The construction vehicle specialist is among the cyclical stocks that are above average sensitive to the economy caterpillar (CAT) (-4.35%) or the manufacturer of tractors and mowers John Deere (UK) (-3.44%) both declined.
The energy sector has been undermined by the fall in oil and commodity prices in general. tanker ExxonMobil (XOM) (-3.96%) and Chevron (CVX) (-4.35%), the steelmaker US steel (USSX34.SA)(-2.70%) or the gas group Cheniere (LNG) (-4.44%) experienced the sequence as badly as the mining Freeport McMoRan (FCX) (-7.96%).
On the other hand, the so-called defensive stocks, which are the least sensitive to the economy, like the entire pharmaceutical sector, fought back Merck (MRK) (+1.28%), JOhnson & Johnson (JNJ) (+1.58%) or Moderna (+4.68%).
In this atmosphere of relative risk aversion, many tech stocks have, for once, performed well. Amazon (AMZN) (+0.25%), PayPal (PYPL) (+0.83%) or Netflix (NFLX) (+4.67%), who were in the process of finding a partner to add advertising to their offering, were eliminated from the game.
“These stocks got a boost today as bond yields fell,” said Angelo Kourkafas.
Indeed, the bond market was taken by storm and its interest rates, which move in the opposite direction to prices, fell sharply. The US 10-year Treasury yield fell to 3.15% from 3.27% the previous day.
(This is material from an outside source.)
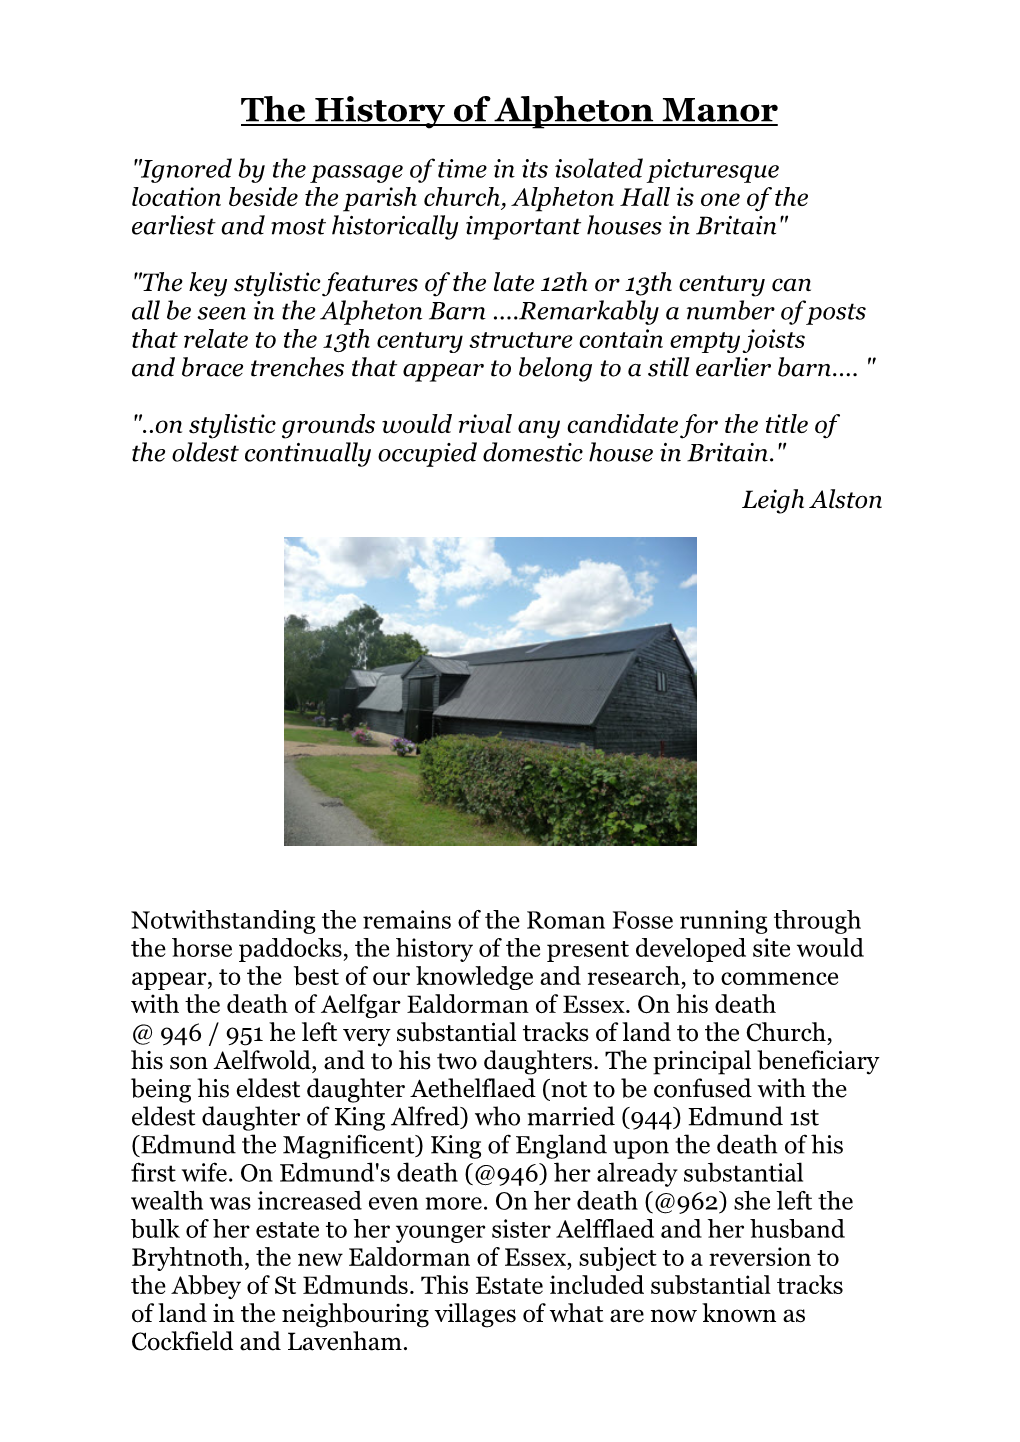 The History of Alpheton Manor Leaflet
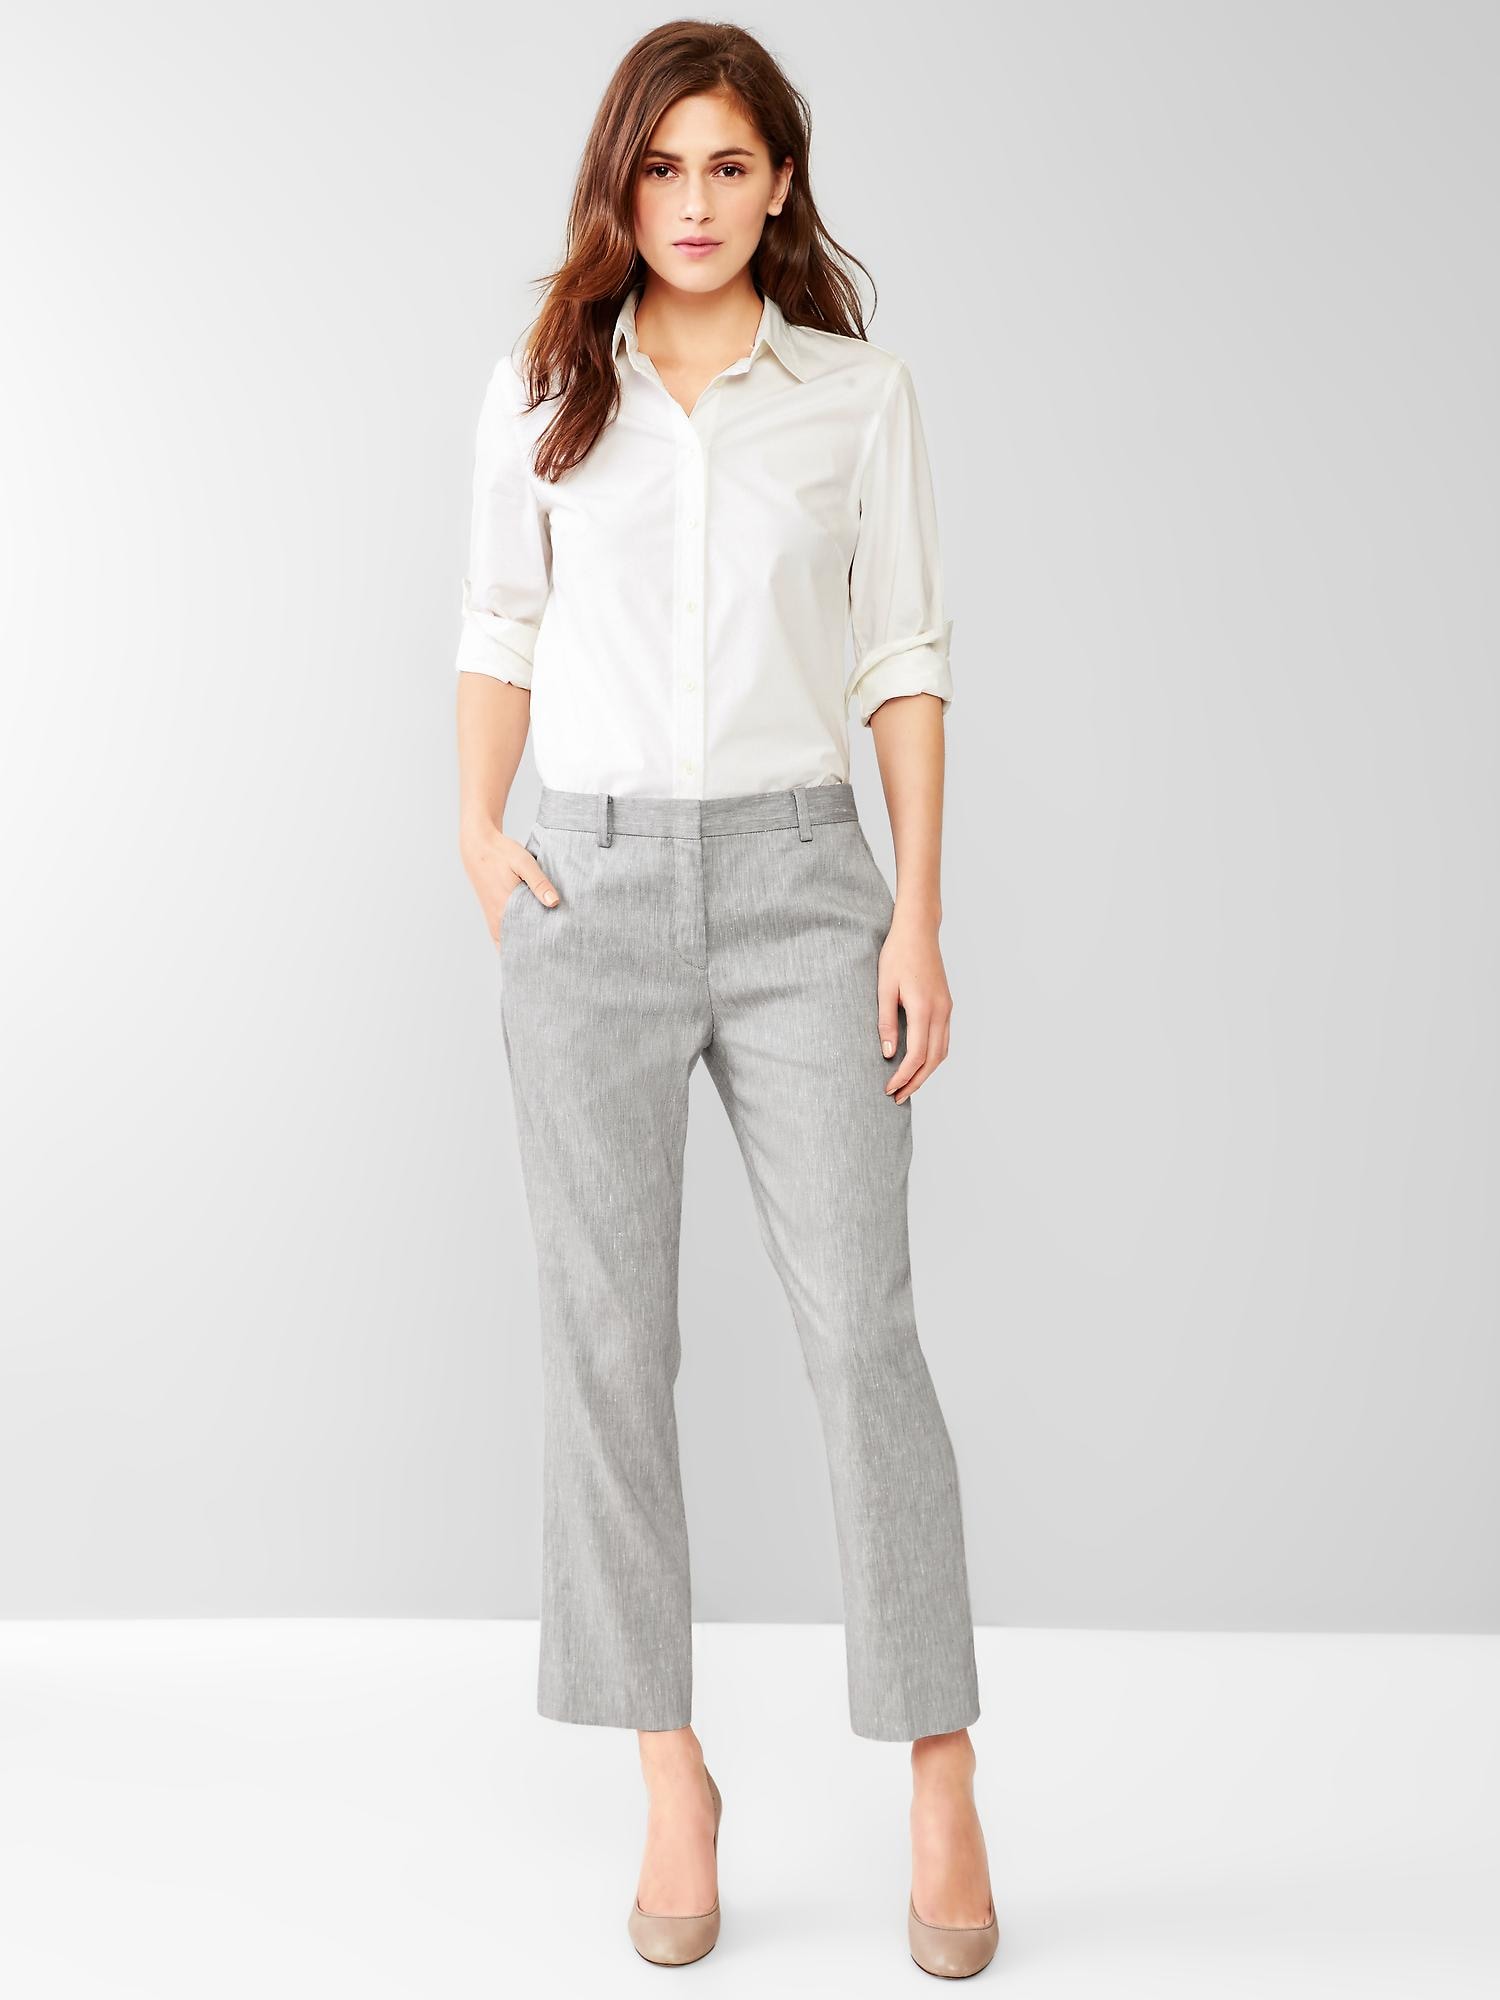 Gap Tailored Crop Stretch Women's White Pants Size 2R | eBay

Elsewhere on the coast the tobacco company Altria (MO) Plunge (-9.19% to $41.50) after the government’s decision, announced on Tuesday, to reduce the nicotine content of cigarettes sold in the United States, which experts say would help curb smoking addiction.
Another blow to the Richmond (Virginia) group, the American agency that specifically regulates the marketing of tobacco and its related products, is preparing a ban on the sale of Juul products, a giant of electronic cigarettes in which Altria owns 35% of the owns capital.
Revlon (REV) continued its wild ride (+34.32% to $8.14). After the cosmetics group collapsed by 73% after the publication of the first information in connection with its bankruptcy filing on Thursday, the cosmetics group decided to increase the value of its stock more than fivefold, spurred in particular by the influx of private investors to speculate about the action.